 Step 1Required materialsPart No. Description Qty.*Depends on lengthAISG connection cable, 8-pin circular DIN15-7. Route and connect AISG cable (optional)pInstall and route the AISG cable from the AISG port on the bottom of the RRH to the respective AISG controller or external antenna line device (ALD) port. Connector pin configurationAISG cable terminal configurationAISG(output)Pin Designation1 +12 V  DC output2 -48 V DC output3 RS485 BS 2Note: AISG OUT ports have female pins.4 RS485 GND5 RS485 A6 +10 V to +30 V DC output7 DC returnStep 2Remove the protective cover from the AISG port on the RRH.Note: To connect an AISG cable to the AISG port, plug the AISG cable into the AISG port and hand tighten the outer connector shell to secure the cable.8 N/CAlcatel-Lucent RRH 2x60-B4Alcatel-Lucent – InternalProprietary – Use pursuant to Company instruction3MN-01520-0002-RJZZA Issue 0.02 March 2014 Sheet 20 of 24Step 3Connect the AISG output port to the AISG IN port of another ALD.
━━━━━━━━━━━━━━━━
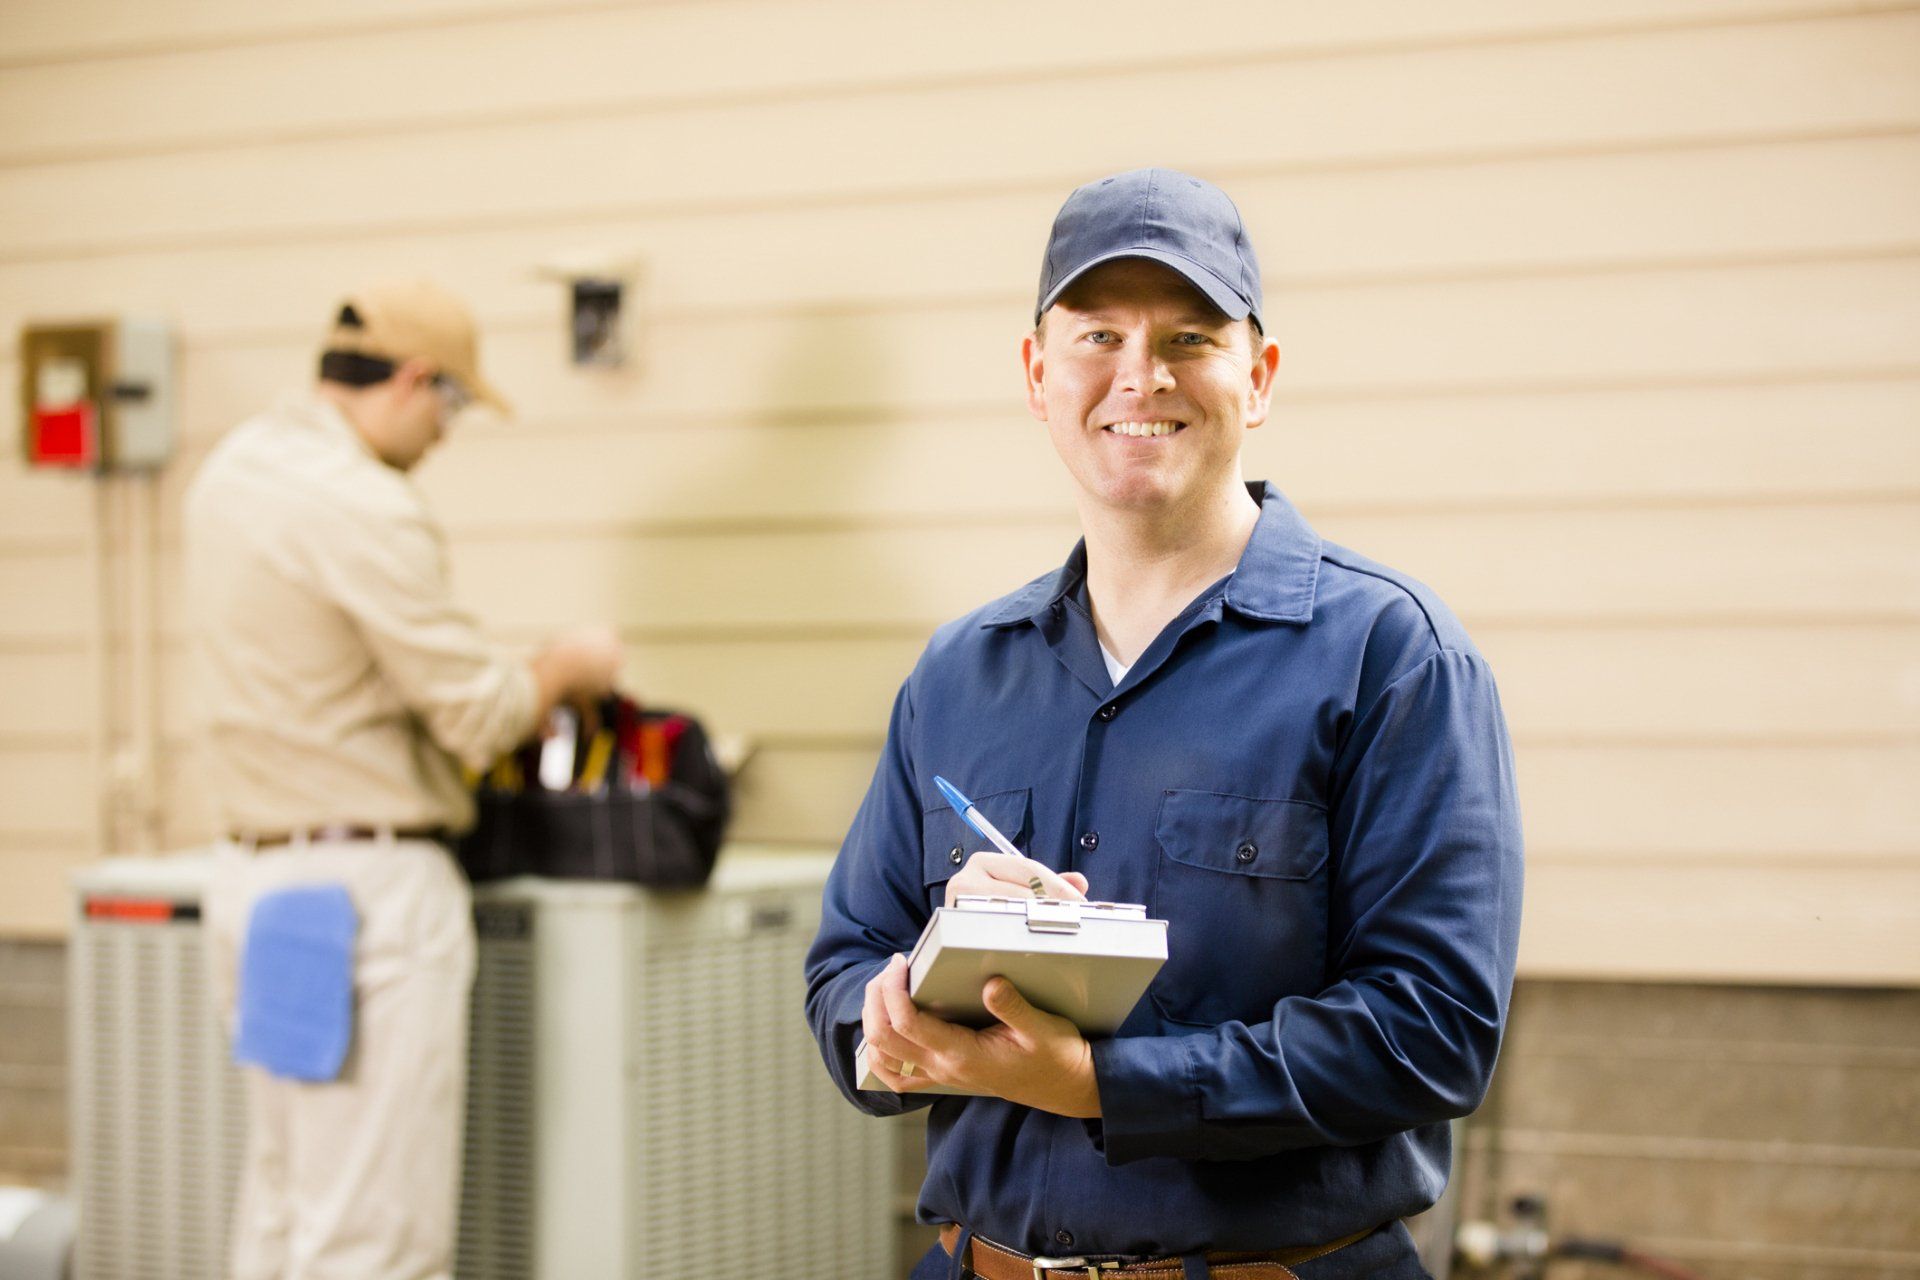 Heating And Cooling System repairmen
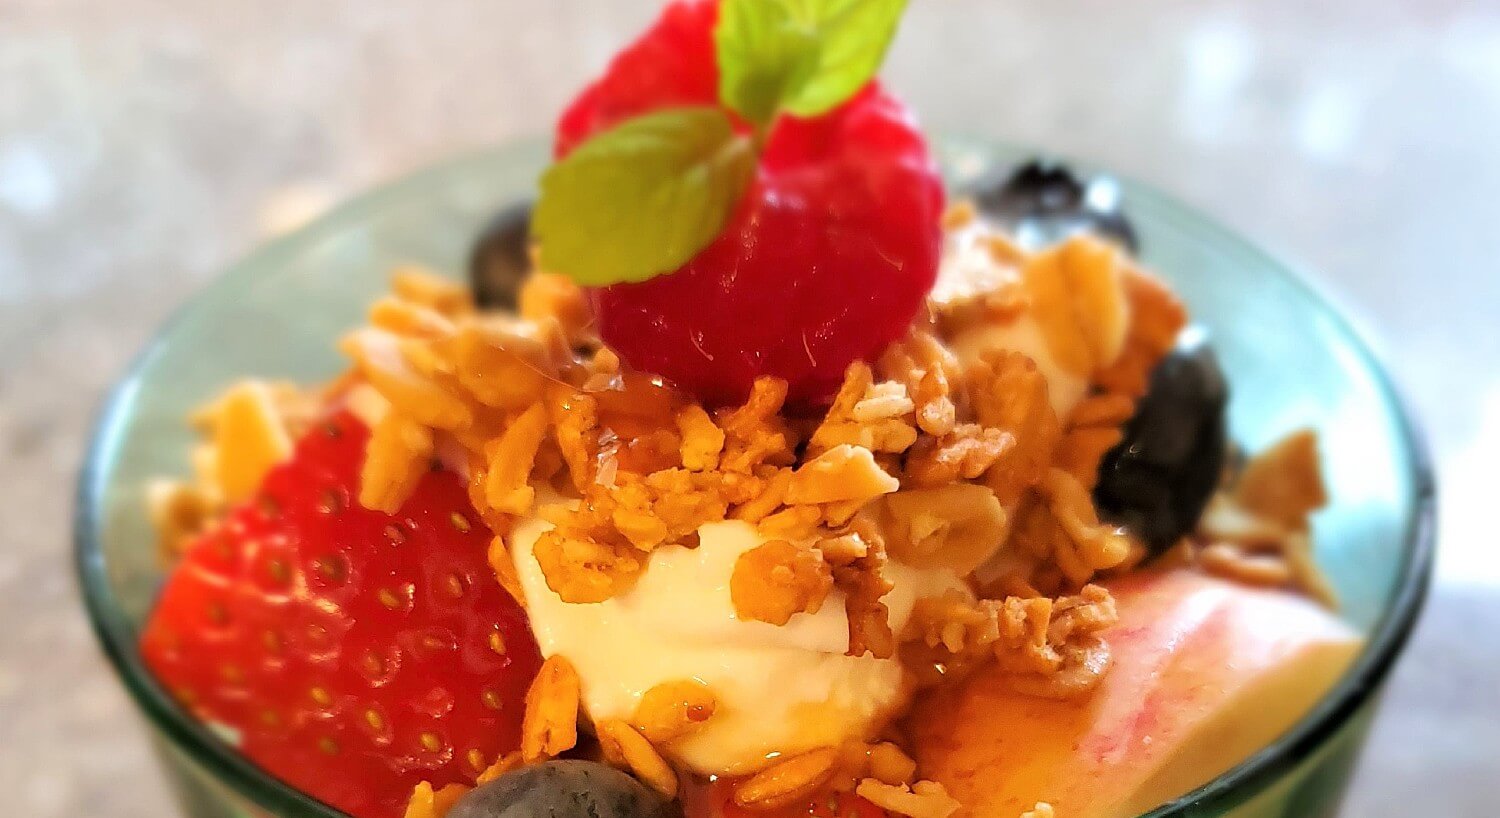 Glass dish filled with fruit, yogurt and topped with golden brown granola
━━━━━━━━━━━━━━━━
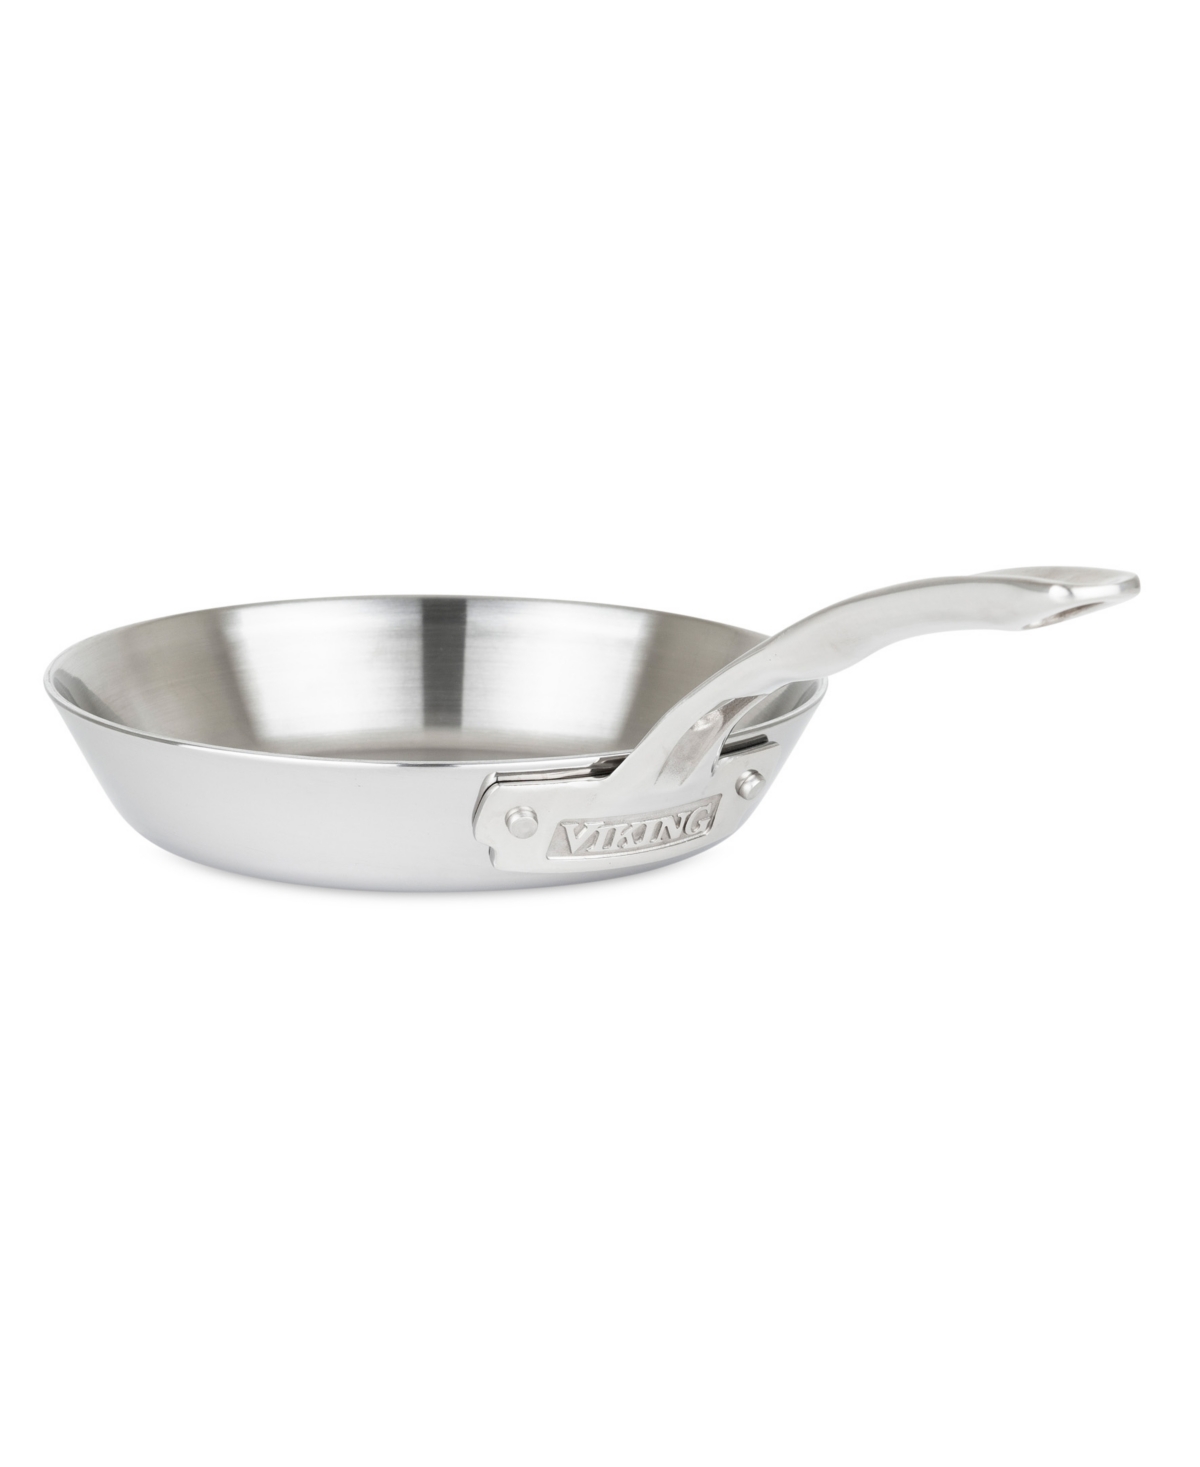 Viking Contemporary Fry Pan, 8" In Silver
━━━━━━━━━━━━━━━━
[TASK DESCRIPTION]
Because only one stretch of the records is wanted, please output the lines from the one holding "Heating And Cooling System repairmen" through the one holding "Glass dish filled" exactly, both included, and leave every picture out.

[TASK RESULT]
 Heating And Cooling System repairmen
 Glass dish filled with fruit, yogurt and topped with golden brown granola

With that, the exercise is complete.